Sec. 2133.30. As used in this section and sections 2133.31 to 2133.47 of the Revised Code:
(A) "Attending physician" means the physician to whom a patient or patient's family has assigned primary responsibility for the medical treatment or care of the patient or, if the responsibility has not been assigned, the physician who has accepted that responsibility.
(B) "Certified nurse practitioner" and "clinical nurse specialist" have the same meanings as in section 4723.01 of the Revised Code.
(C) "Comfort care" means any of the following:
(1) Nutrition when administered to diminish pain or discomfort, but not to postpone death;
(2) Hydration when administered to diminish pain or discomfort, but not to postpone death;
(3) Any other medical or nursing procedure, treatment, intervention, or other measure that is taken to diminish pain or discomfort, but not to postpone death.
(D) "CPR" has the same meaning as in section 2133.21 of the Revised Code.
(E) "Declaration" means a document executed in accordance with section 2133.02 of the Revised Code.
(F) "DNR identification" and "do-not-resuscitate order" have the same meanings as in section 2133.21 of the Revised Code.
(G) "Durable power of attorney for health care" means a document created pursuant to sections 1337.11 to 1337.17 of the Revised Code.
(H) "Emergency medical services person" is the singular of "emergency medical services personnel," as defined in section 2133.21 of the Revised Code.
(I) "Form preparer" means the issuing practitioner who completes and signs a medical orders for life-sustaining treatment form or the individual who completes the form pursuant to the practitioner's delegation and for the practitioner's signature.
(J) "Guardian" has the same meaning as in section 2133.01 of the Revised Code.
(K) "Health care facility" means any of the following:
(1) A health care facility, as defined in section 1337.11 of the Revised Code;
(2) An ambulatory surgical facility, as defined in section 3702.30 of the Revised Code;
(3) A residential care facility, as defined in section 3721.01 of the Revised Code;
(4) A freestanding dialysis center.
(L) "Issuing practitioner" means a physician, physician assistant, certified nurse practitioner, or clinical nurse specialist who issues medical orders for life-sustaining treatment for a patient by signing as the issuing practitioner the medical orders for life-sustaining treatment form for the patient.
(M) "Life-sustaining treatment" means any medical procedure, treatment, intervention, or other measure that, when administered to a patient, is intended to serve principally to prolong the process of dying.
(N) "Medical orders for life-sustaining treatment" means instructions, issued by a physician, physician assistant, certified nurse practitioner, or clinical nurse specialist, regarding how a patient should be treated with respect to hospitalization, administration or withdrawal of life-sustaining treatment and comfort care, administration of CPR, and other treatment prescribed by the Revised Code.
(O) "Medical orders for life-sustaining treatment form," "MOLST form," or "form" means the form specified in section 2133.31 of the Revised Code.
(P) "Medically administered hydration" means fluids that are technologically administered.
(Q) "Medically administered nutrition" means sustenance that is technologically administered.
(R) "Physician" means an individual authorized under Chapter 4731. of the Revised Code to practice medicine and surgery or osteopathic medicine and surgery.
(S) "Physician assistant" means an individual who holds a valid certificate to practice as a physician assistant issued under Chapter 4730. of the Revised Code.
Sec. 2133.31. A medical orders for life-sustaining treatment form shall be substantially in the following form.

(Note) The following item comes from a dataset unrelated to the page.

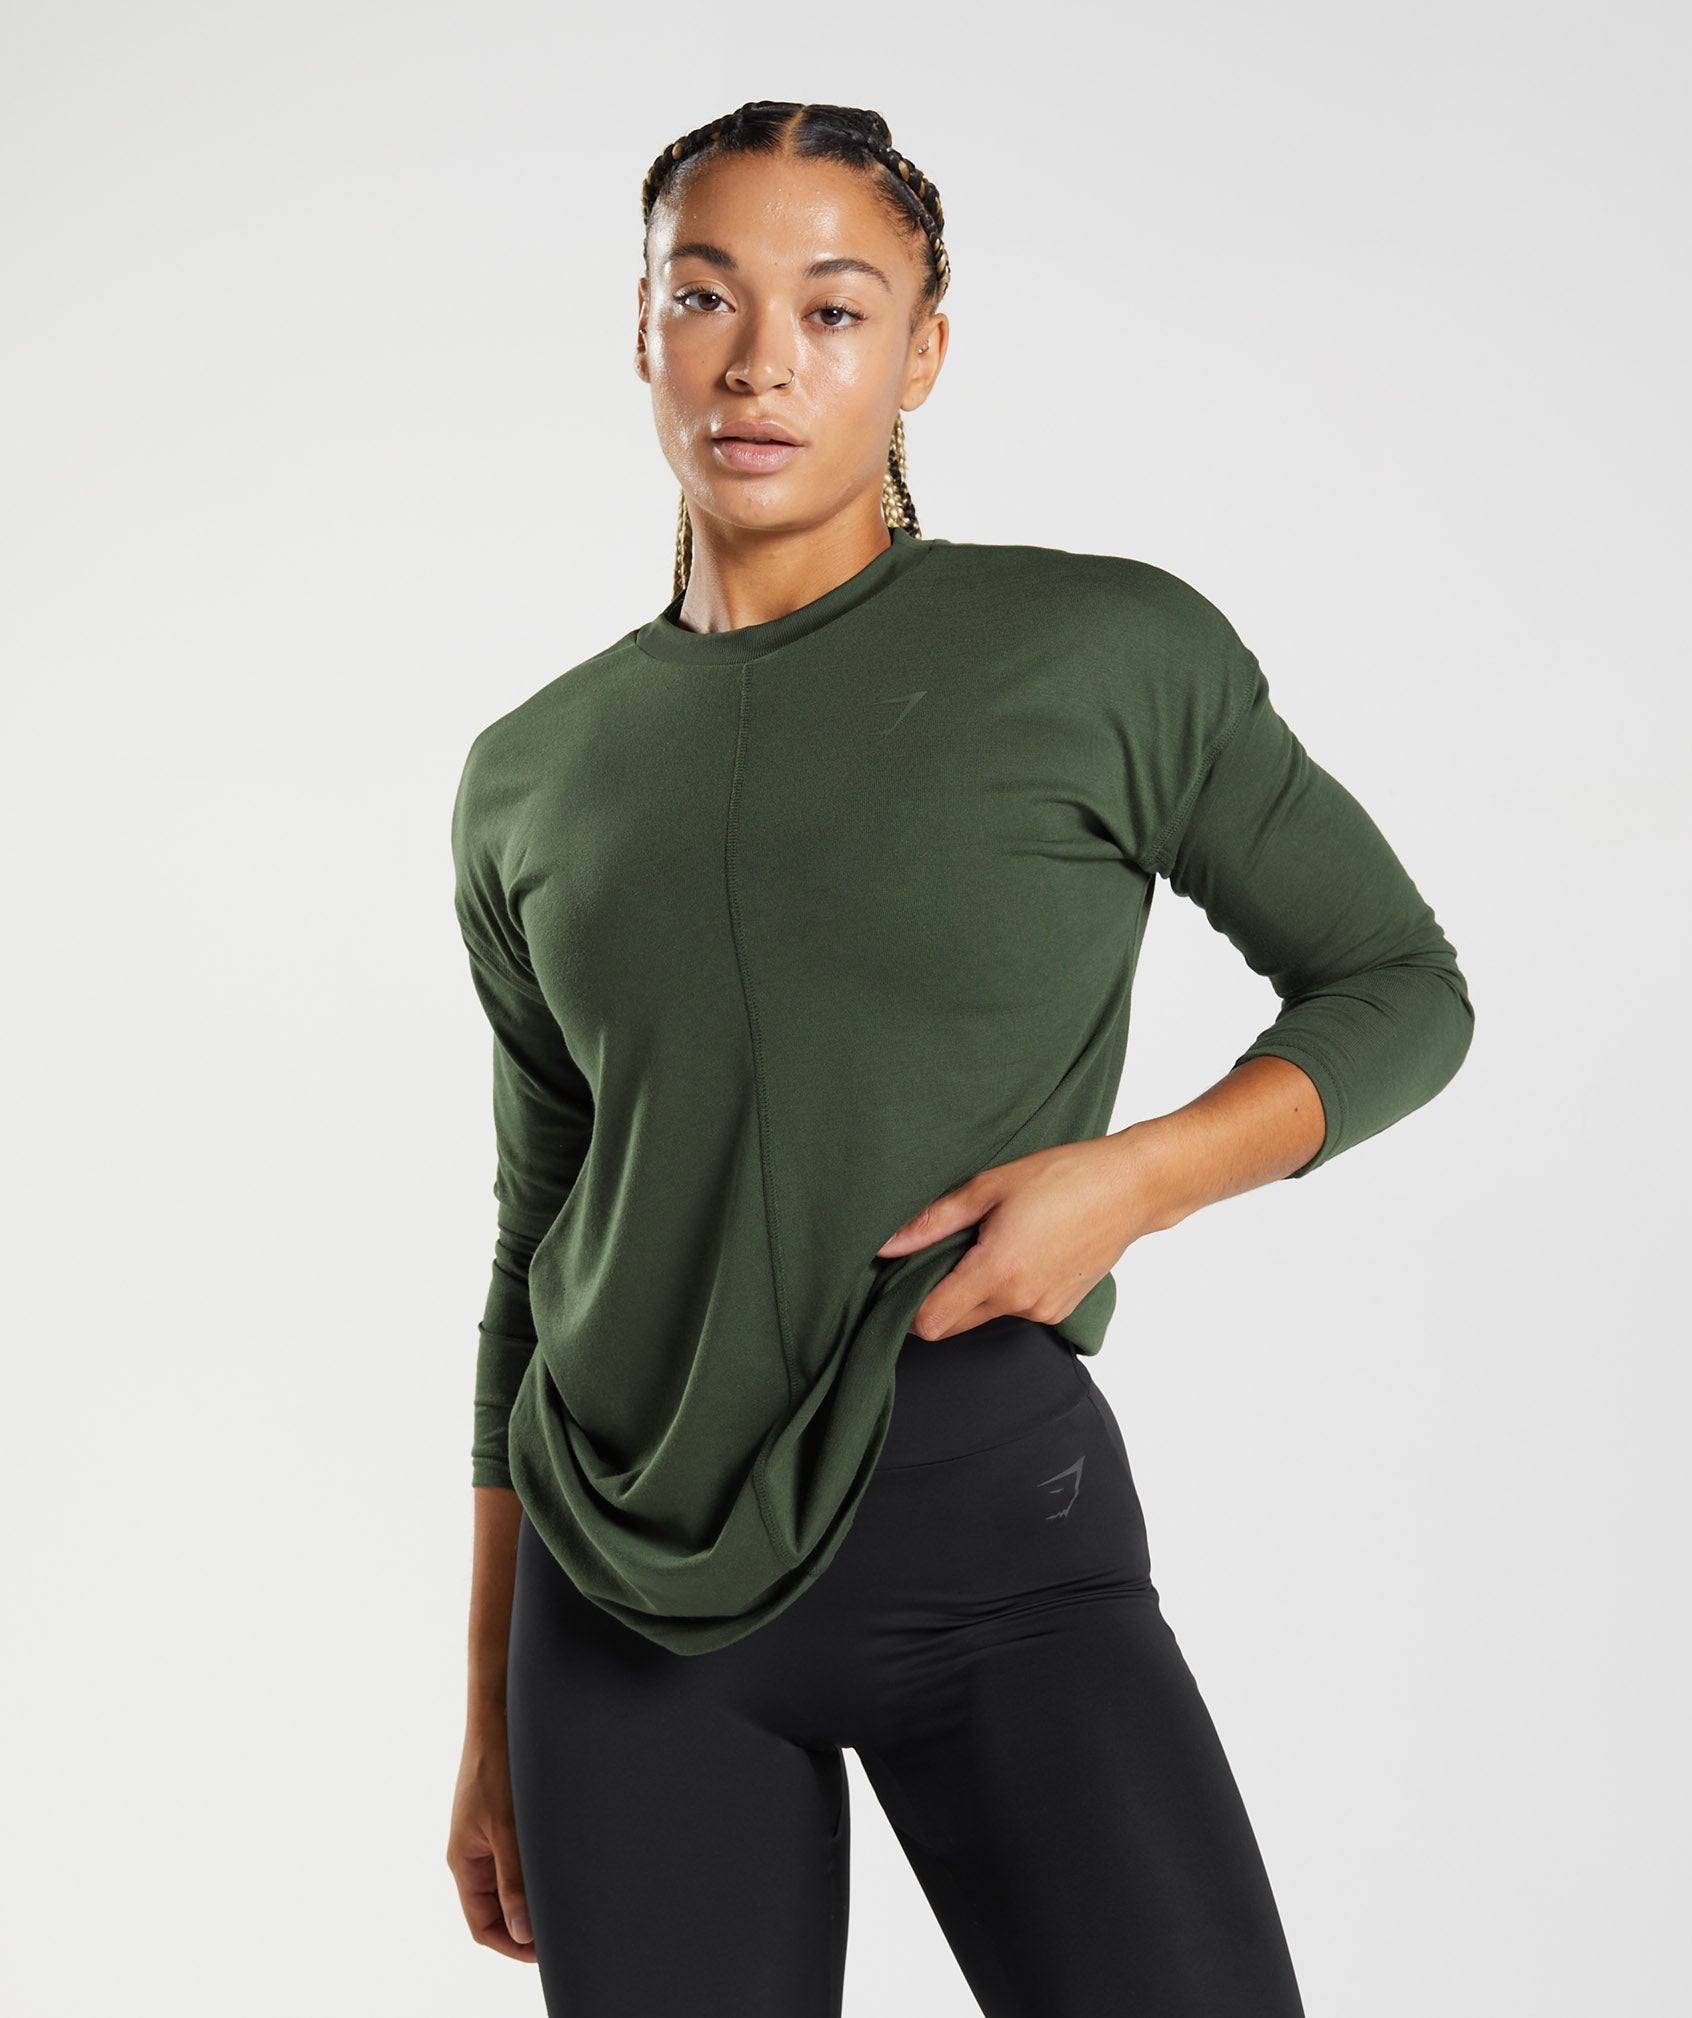 GS Power Long Sleeve T-Shirt in Moss Olive - view 1

It is recommended that the patient's name and date of birth, as shown below with the form's title, appear on a page separate from the remaining pages of the form.

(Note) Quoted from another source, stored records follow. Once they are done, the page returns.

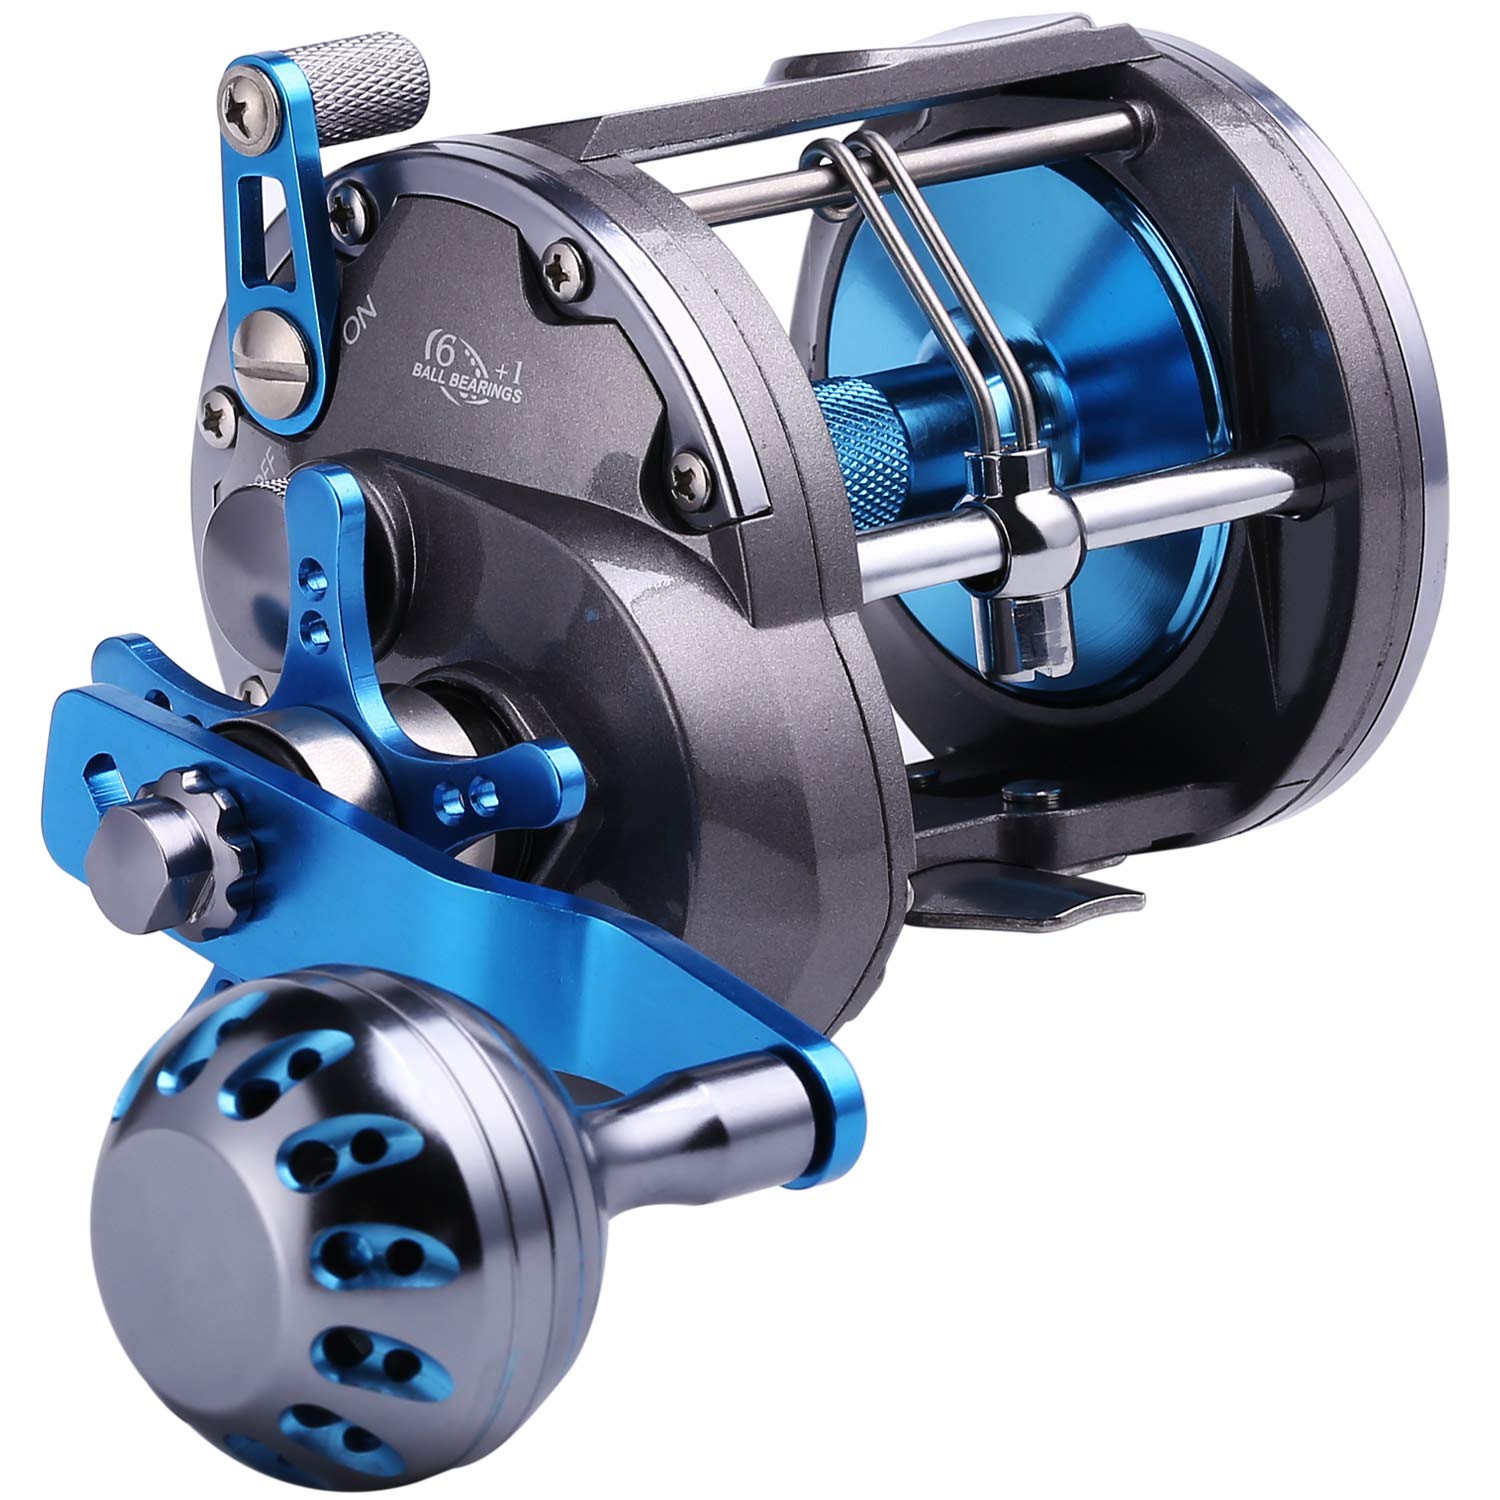 ZF-SHA4000 Right Handed - Sougayilang Line Counter Trolling Reel Conventional Level Wind Fishing Reel並行輸入品
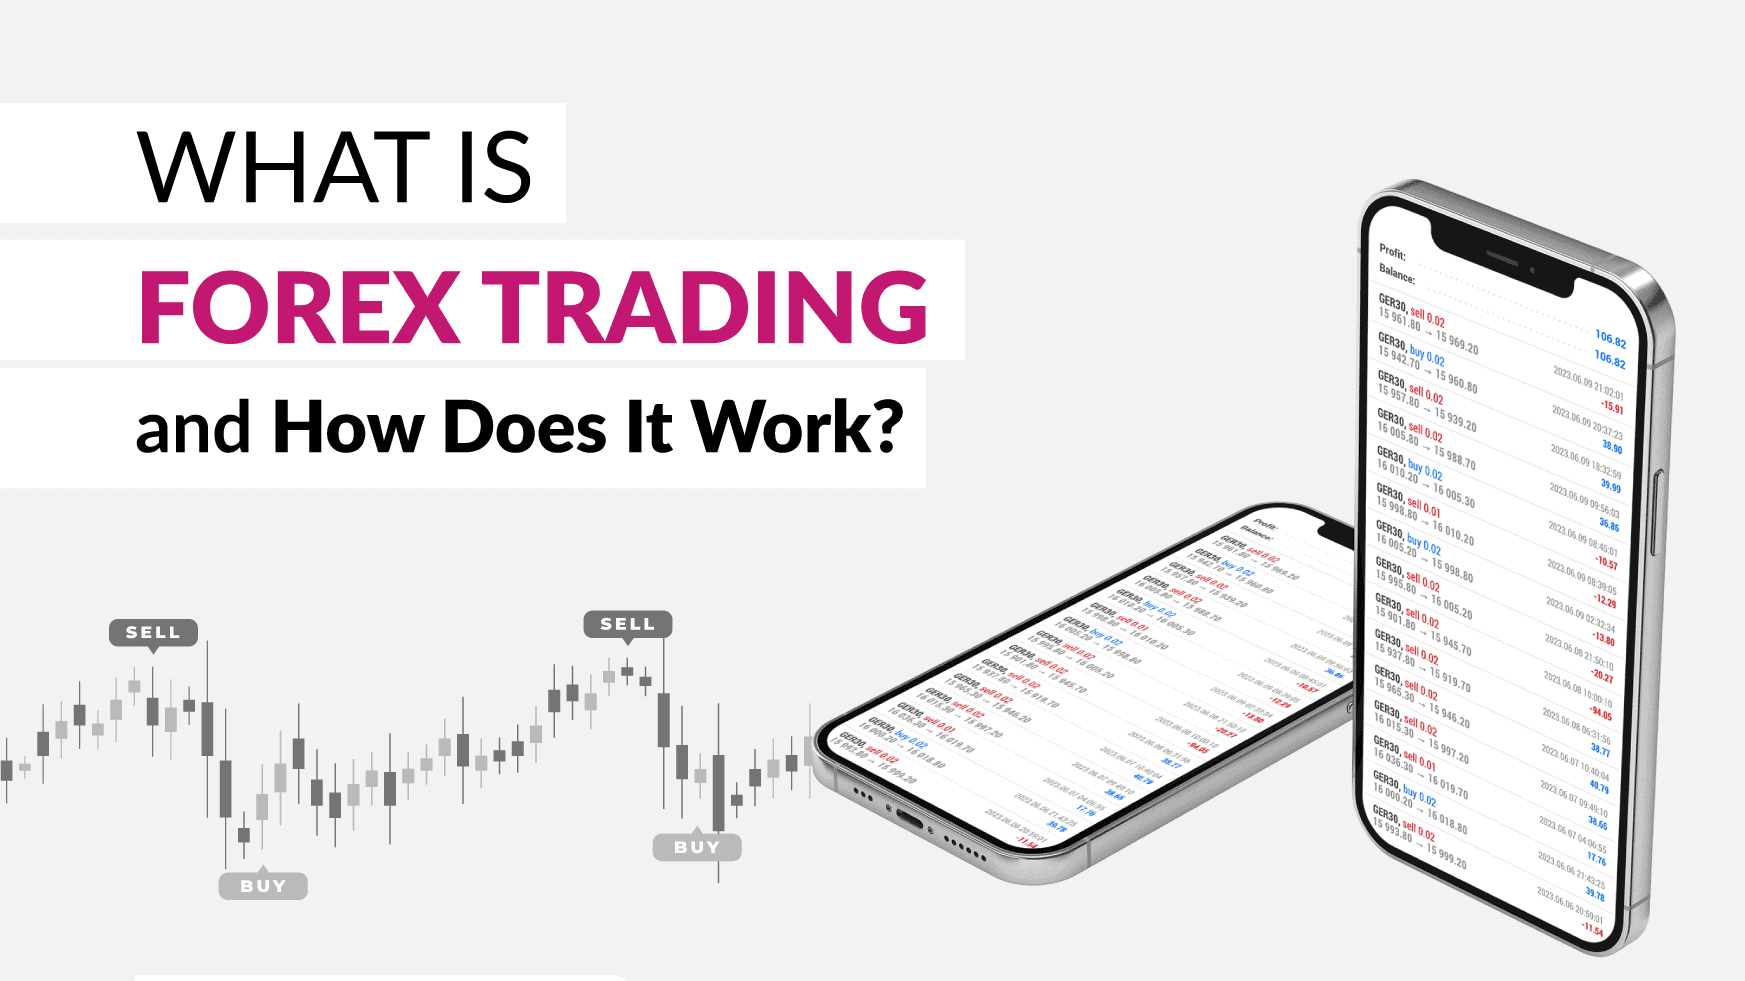 WHAT IS

FOREX TRADING
and How Does It Work?

   

Bae
ay —

MEDICAL ORDERS FOR LIFE-SUSTAINING TREATMENT FORM
("MOLST FORM")


Patient's Name (printed): .....................................
Patient's Date of Birth: ......................................


There is no requirement that a patient or the patient's parent, guardian, legal custodian, or representative execute a medical orders for life-sustaining treatment form (MOLST form).


These medical orders are based on the patient's medical condition and advance directives or preferences at the time the orders were issued. An incomplete section does not invalidate the form and implies full treatment for that section.


Each patient shall be treated with dignity and respect and attention shall be given to the patient's needs. The duty of medicine is to care for the patient even when the patient cannot be cured. Moral judgments about the use of technology to maintain life shall reflect the inherent dignity of human life and the duty of medical care.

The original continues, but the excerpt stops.